Reasonable and non-discriminatory (RAND) terms, also known as fair, reasonable, and non-discriminatory (FRAND) terms, denote a voluntary licensing commitment that standards organizations often request from the owner of an intellectual property right (usually a patent) that is, or may become, essential to practice a technical standard.[1] Put differently, a F/RAND commitment is a voluntary agreement between the standard-setting organization and the holder of standard-essential patents. U.S. courts, as well as courts in other jurisdictions, have found that, in appropriate circumstances, the implementer of a standard—that is, a firm or entity that uses a standard to render a service or manufacture a product—is an intended third-party beneficiary of the FRAND agreement, and, as such, is entitled to certain rights conferred by that agreement.[2]

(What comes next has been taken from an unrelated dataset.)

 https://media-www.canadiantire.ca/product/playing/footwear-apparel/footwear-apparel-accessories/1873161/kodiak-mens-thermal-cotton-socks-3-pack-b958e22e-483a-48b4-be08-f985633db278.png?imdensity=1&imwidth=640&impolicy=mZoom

A standard-setting organization is an industry group that sets common standards for its particular industry to ensure compatibility and interoperability of devices manufactured by different companies.[3] A patent becomes standard-essential when a standard-setting organization sets a standard that adopts the technology that the patent covers.

Because a patent, under most countries' legal regimes, grants its owner an exclusive right to exclude others from making, using, selling, or importing the invention, a standard-setting organization generally must obtain permission from the patent holder to include a patented technology in its standard. So, it will often request that a patent holder clarify its willingness to offer to license its standard-essential patents on FRAND terms. If the patent holder refuses upon request to license a patent that has become essential to a standard, then the standard-setting organization must exclude that technology. When viewed in this light, the FRAND commitment serves to harmonize the private interests of patent holders and the public interests of standard-setting organizations. Many scholars have written about these topics, as well as a variety of other legal and economic issues concerning licensing on F/RAND terms.[4]

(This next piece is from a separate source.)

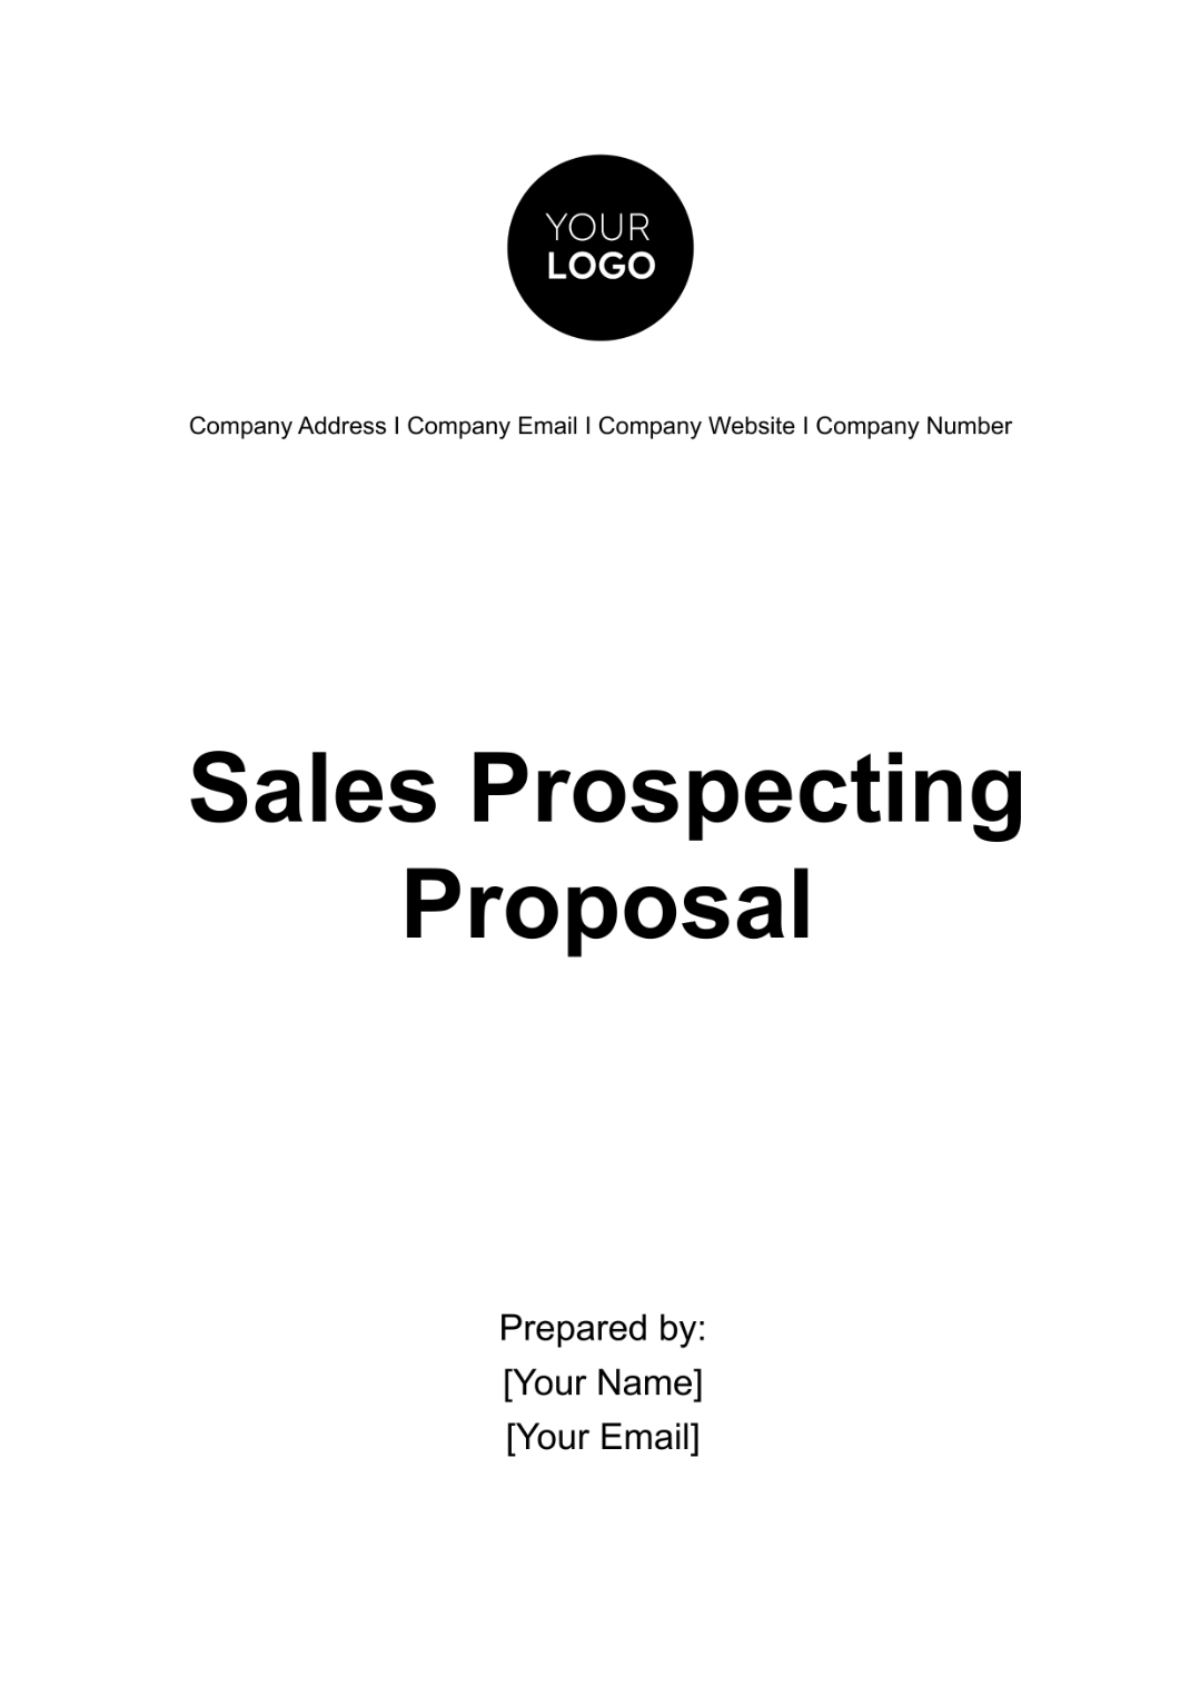 Free Sales Prospecting Proposal Template

  1. ^ Layne-Farrar, Anne; Padilla, A. Jorge; Schmalensee, Richard (2007). "Pricing Patents for Licensing in Standard-Setting Organizations: Making Sense of FRAND Commitments". Antitrust Law Journal. 74: 671.

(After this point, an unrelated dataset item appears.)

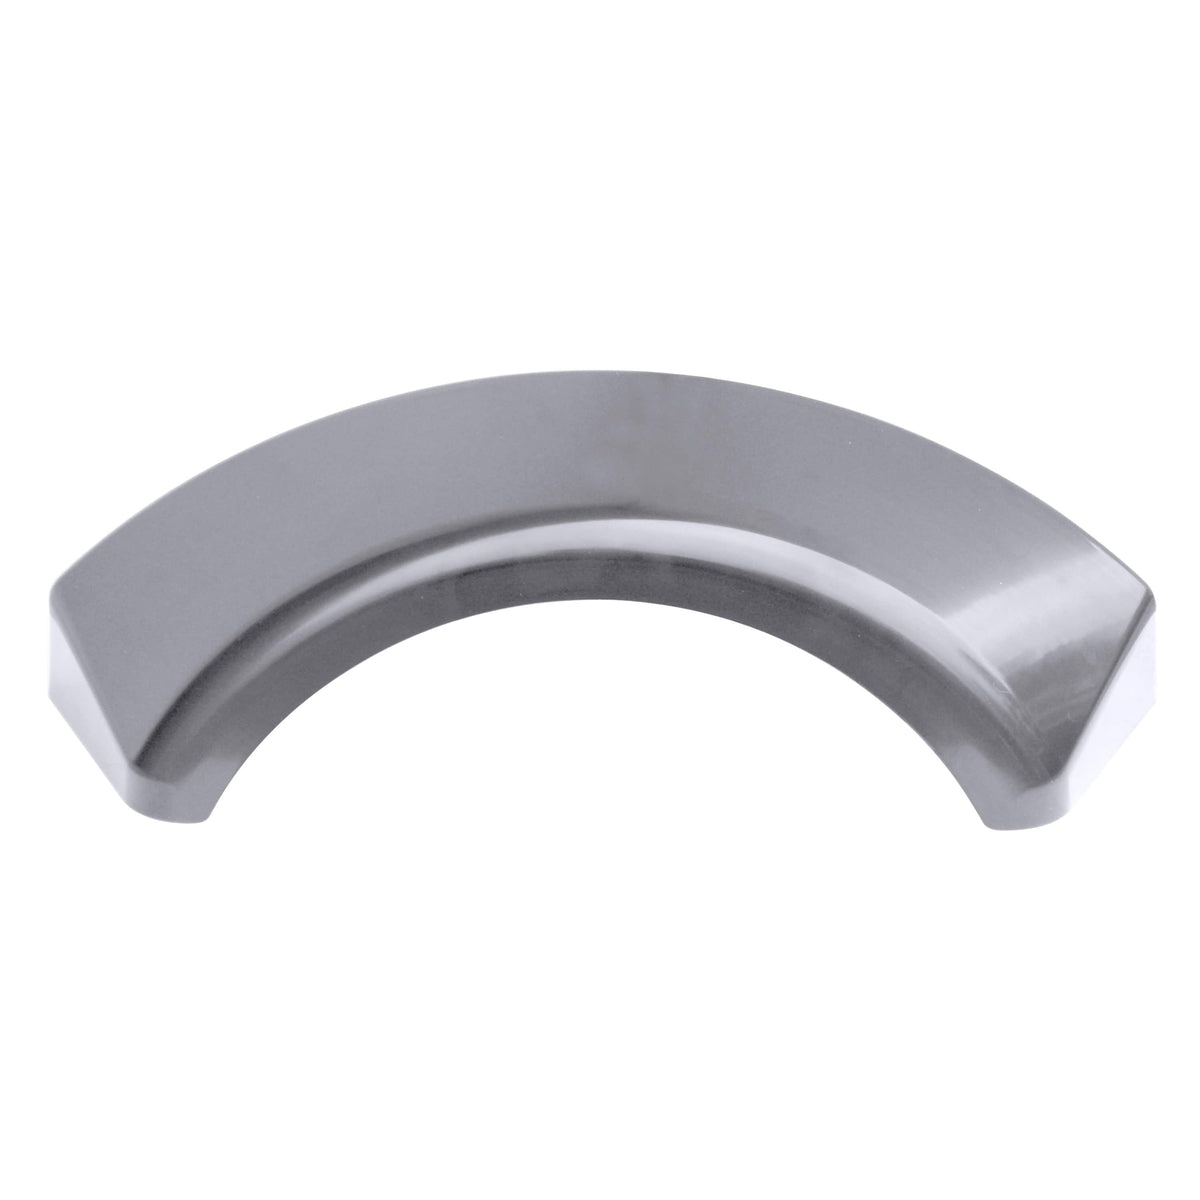 Tie Down Engineering Qualifies for Free Shipping Tie Down PWC Plastic Fender Bracket Less Silver #86556

  2. ^ Microsoft Corp. v. Motorola, Inc., 696 F.3d 872, 884 (9th Cir. 2012); In re Innovatio IP Ventures, LLC Patent Litig., MDL No. 2303, 2013 WL 5593609, at *4 (N.D. Ill. Oct. 3, 2013).
  3. ^ "ICT Standards, standardization, GSM, TETRA, NFV, GPRS, 3GPP, ITS, UMTS, UTRAN, M2M, MEC, Mobile, IoT, Security, standardisation". ETSI. Retrieved January 27, 2019.
  4. ^ J. Gregory Sidak, A FRAND Contract's Intended Third-Party Beneficiary, 69 FLA. L. REV., https://www.criterioneconomics.com/a-frand-contracts-intended-third-party-beneficiary.html; Thomas F. Cotter, Comparative Law and Economics of Standard-Essential Patents and FRAND Royalties, 22 TEX. INTELL. PROP. L.J. 311 (2013); Mark A. Lemley & Carl Shapiro, A Simple Approach to Setting Reasonable Royalties for Standard-Essential Patents, 28 BERKELEY TECH. L.J. 1135 (2013); Tim W. Dornis, J. EUR. COMP. L. & PRACT. 11 (2020), 575 ff.